Brains of obese children have different response to sugar

Researchers at University of California conducted this study

Update: 2014-12-26 19:22 GMT
Representational image. (Photo: visualphotos.com)

Washington: Scientists have discovered that brains of obese children have a different response to sugar.

Researchers at University of California conducted a study, which though didn't show a causal relationship between sugar hypersensitivity and overeating, supported the idea that the growing number of America's obese youth may have a heightened psychological reward response to food.

This elevated sense of "food reward" - which involves being motivated by food and deriving a good feeling from it - could mean some children have brain circuitries that predispose them to crave more sugar throughout life.

First author Kerri Boutelle, PhD, said that they could detect the brain differences in children as young as 8 years old, and it was the most remarkable and clinically significant part of the study.

For the study, the UC San Diego team scanned the brains of 23 children, ranging in age from 8 to 12, while they tasted one-fifth of a teaspoon of water mixed with sucrose (table sugar). The children were directed to swirl the sugar-water mix in the mouth with their eyes closed, while focusing on its taste.

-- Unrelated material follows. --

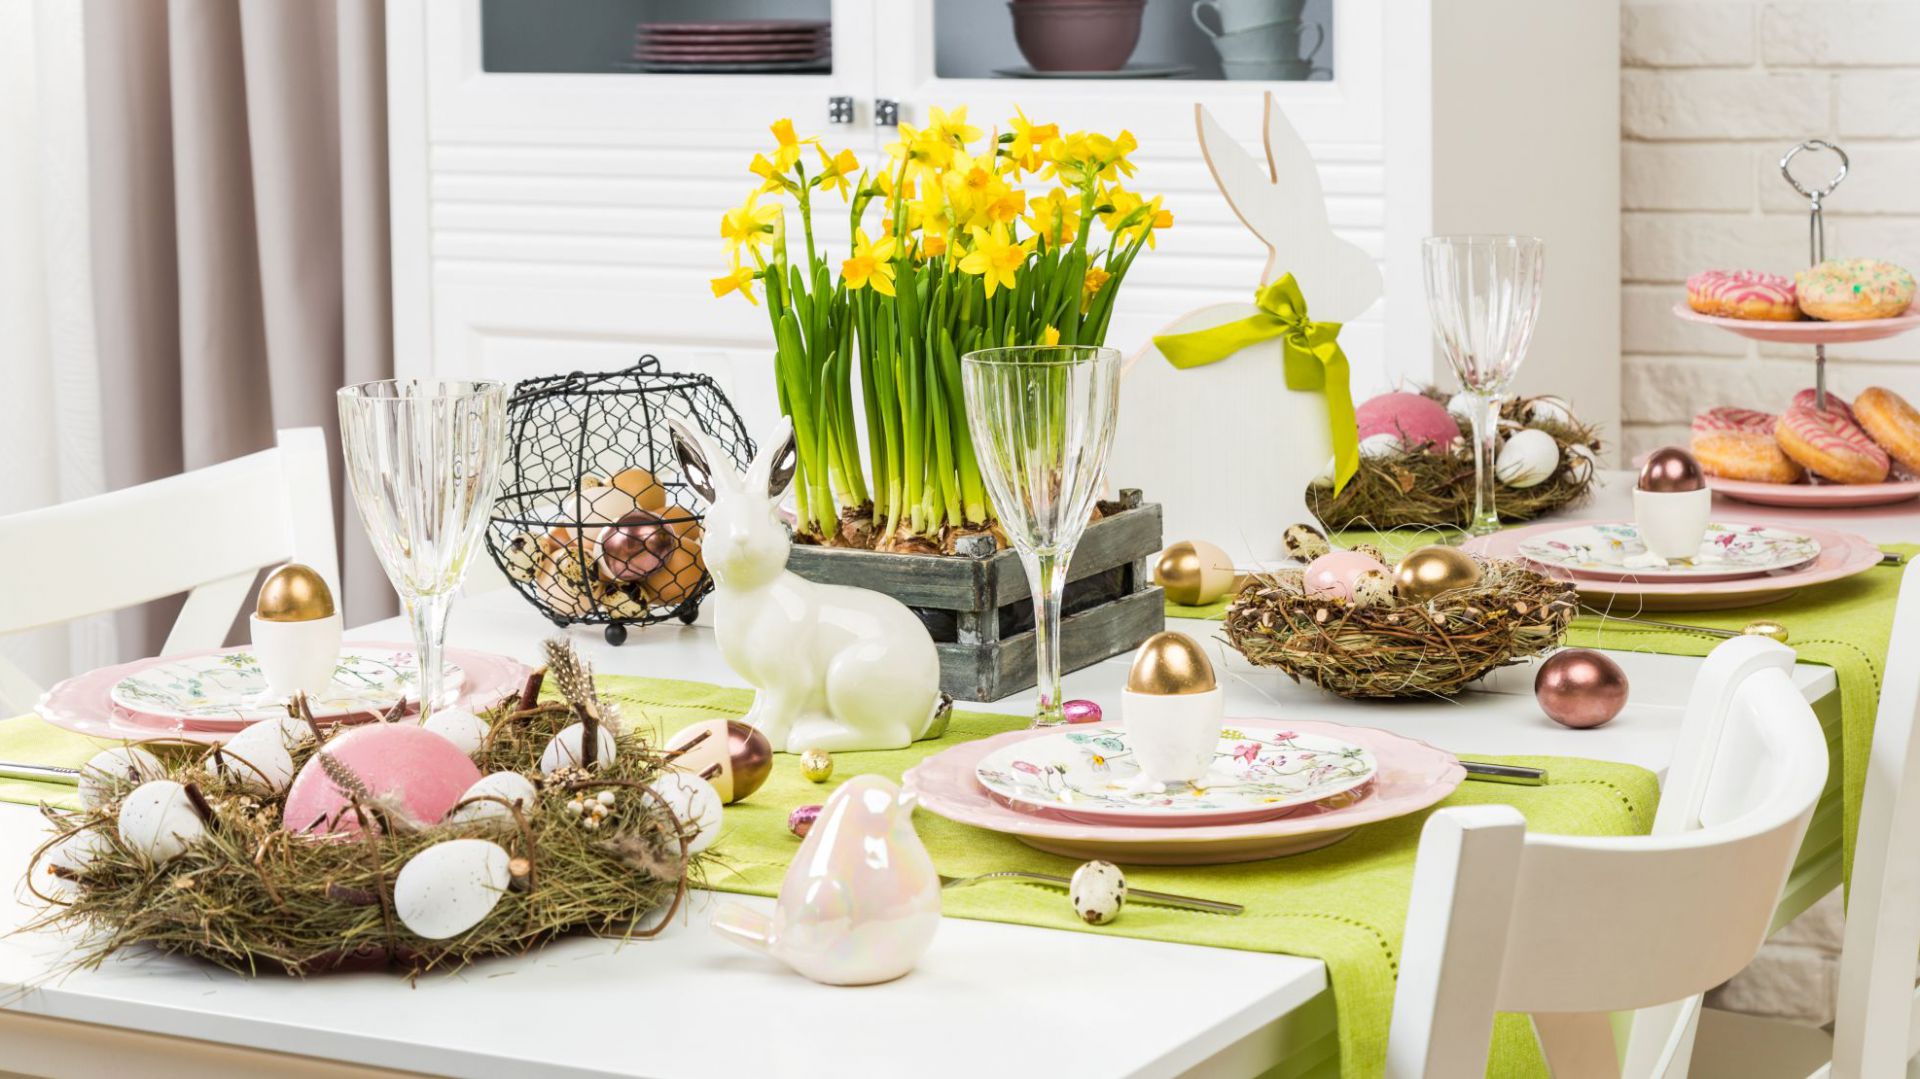 Wielkanocny stół: zobacz ciekawe aranżacje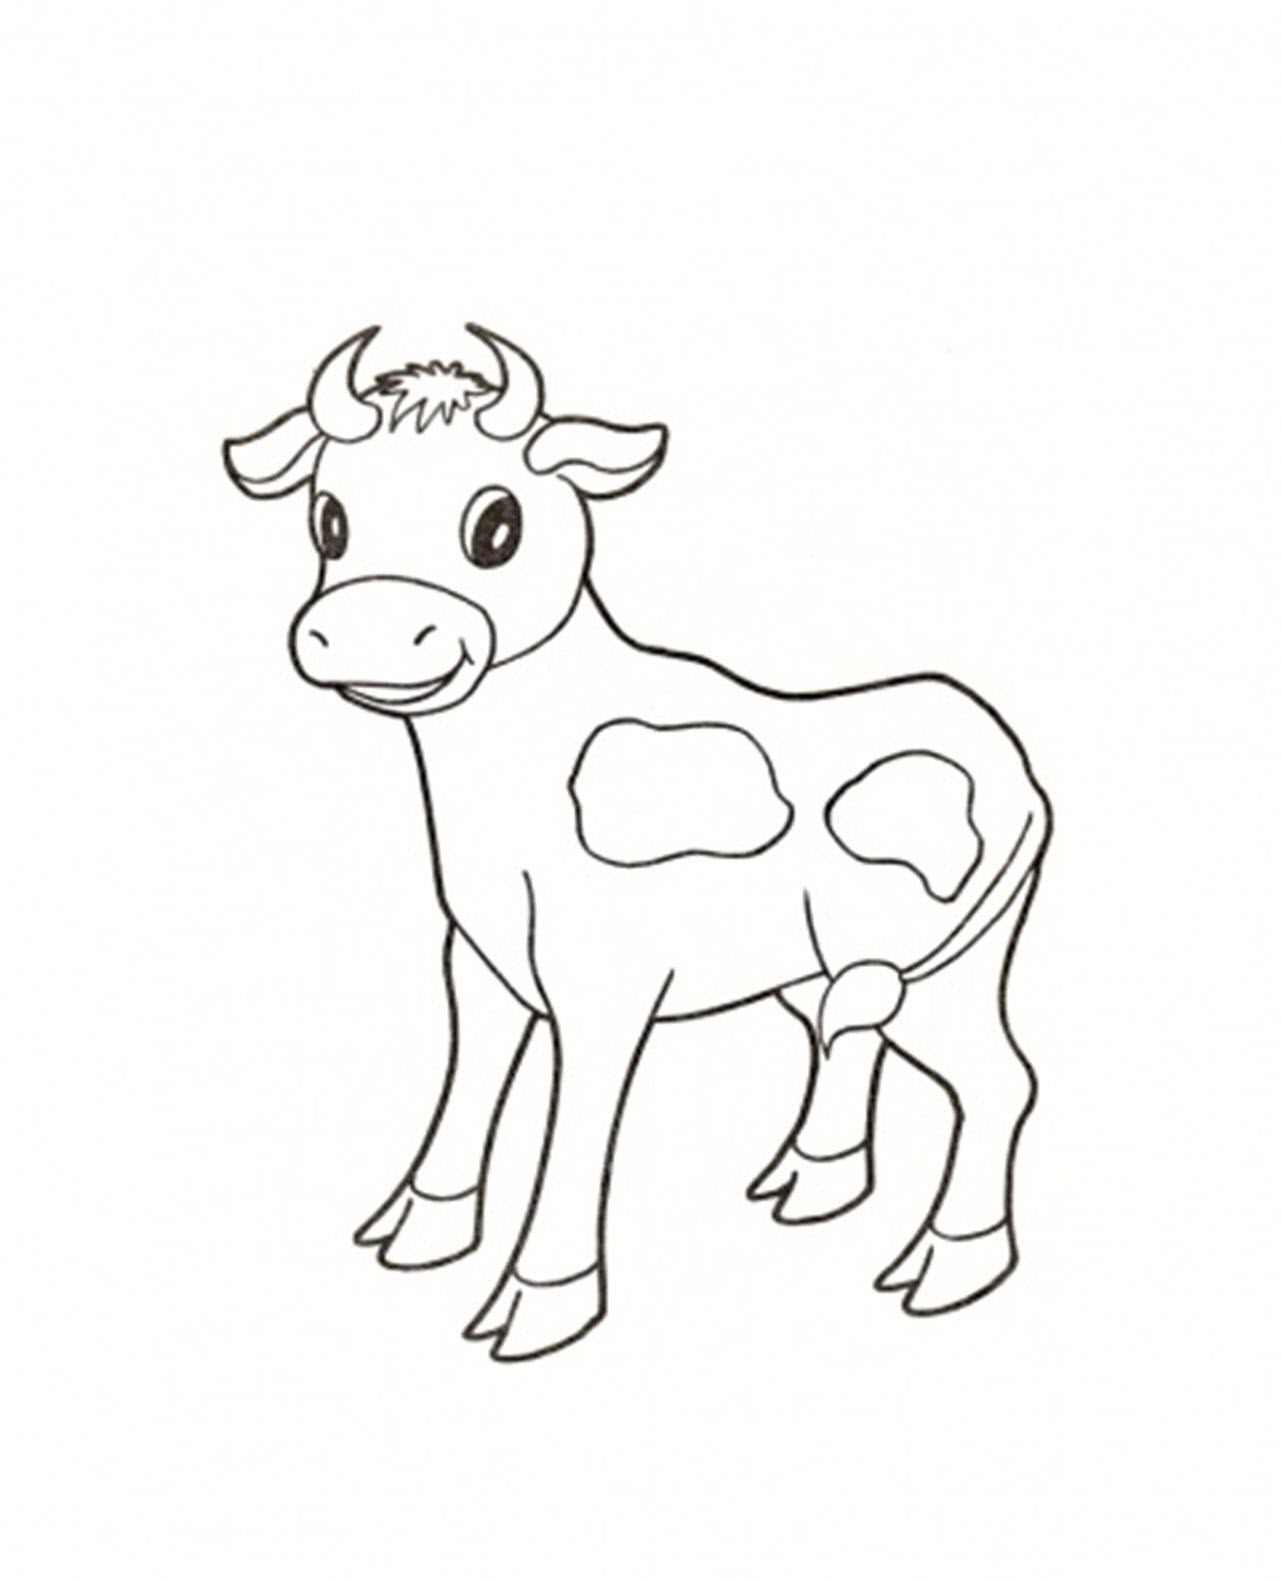 Tải xuống miễn phí minh họa bò sữa ai - minh họa bò sữa - Urbanbrush

The brain images showed that obese children had heightened activity in the insular cortex and amygdala, regions of the brain involved in perception, emotion, awareness, taste, motivation and reward.

Notably, the obese children did not show any heightened neuronal activity in a third area of the brain - the striatum - that is also part of the response-reward circuitry and whose activity has, in other studies, been associated with obesity in adults.

The striatum, however, does not develop fully until adolescence. The researchers said one of the interesting aspects of the study is that the brain scans may be documenting, for the first time, the early development of the food reward circuitry in pre-adolescents.

According to studies, children who are obese have an 80 to 90 percent chance of growing up to become obese adults.

The study is published online in International Journal of Obesity.